• [To do]: Retype, word for word, every line of the records below starting at the one that contains "Powerhobby Defender 2.2" and ending at the one that contains "The North Face"; include both of those lines and nothing more.

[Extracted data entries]
● ● ● ● ●
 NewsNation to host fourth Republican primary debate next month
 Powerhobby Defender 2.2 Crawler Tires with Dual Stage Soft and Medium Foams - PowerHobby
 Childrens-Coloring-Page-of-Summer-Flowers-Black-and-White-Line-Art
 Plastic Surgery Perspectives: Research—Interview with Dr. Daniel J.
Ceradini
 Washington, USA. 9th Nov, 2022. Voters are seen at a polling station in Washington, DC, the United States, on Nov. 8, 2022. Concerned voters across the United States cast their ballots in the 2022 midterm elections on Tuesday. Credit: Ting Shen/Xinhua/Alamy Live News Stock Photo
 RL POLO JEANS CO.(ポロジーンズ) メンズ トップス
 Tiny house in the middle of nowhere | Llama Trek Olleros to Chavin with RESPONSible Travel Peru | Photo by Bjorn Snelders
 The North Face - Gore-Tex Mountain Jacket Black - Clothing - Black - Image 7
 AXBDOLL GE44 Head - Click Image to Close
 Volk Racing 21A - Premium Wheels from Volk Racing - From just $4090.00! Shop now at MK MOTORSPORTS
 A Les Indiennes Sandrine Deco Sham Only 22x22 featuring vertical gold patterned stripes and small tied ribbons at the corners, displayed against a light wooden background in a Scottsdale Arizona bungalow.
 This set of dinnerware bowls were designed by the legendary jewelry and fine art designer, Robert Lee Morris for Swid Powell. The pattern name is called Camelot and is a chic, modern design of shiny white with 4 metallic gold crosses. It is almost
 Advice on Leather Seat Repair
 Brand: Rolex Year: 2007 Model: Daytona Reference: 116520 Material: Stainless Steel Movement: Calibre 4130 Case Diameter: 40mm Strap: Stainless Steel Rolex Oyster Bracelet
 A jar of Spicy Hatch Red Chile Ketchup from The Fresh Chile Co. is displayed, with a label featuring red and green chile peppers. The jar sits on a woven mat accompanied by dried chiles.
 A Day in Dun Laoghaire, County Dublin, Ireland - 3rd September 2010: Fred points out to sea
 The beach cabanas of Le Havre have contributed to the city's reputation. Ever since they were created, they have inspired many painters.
● ● ● ● ●
• [Result below]:
 Powerhobby Defender 2.2 Crawler Tires with Dual Stage Soft and Medium Foams - PowerHobby
 Childrens-Coloring-Page-of-Summer-Flowers-Black-and-White-Line-Art
 Plastic Surgery Perspectives: Research—Interview with Dr. Daniel J.
Ceradini
 Washington, USA. 9th Nov, 2022. Voters are seen at a polling station in Washington, DC, the United States, on Nov. 8, 2022. Concerned voters across the United States cast their ballots in the 2022 midterm elections on Tuesday. Credit: Ting Shen/Xinhua/Alamy Live News Stock Photo
 RL POLO JEANS CO.(ポロジーンズ) メンズ トップス
 Tiny house in the middle of nowhere | Llama Trek Olleros to Chavin with RESPONSible Travel Peru | Photo by Bjorn Snelders
 The North Face - Gore-Tex Mountain Jacket Black - Clothing - Black - Image 7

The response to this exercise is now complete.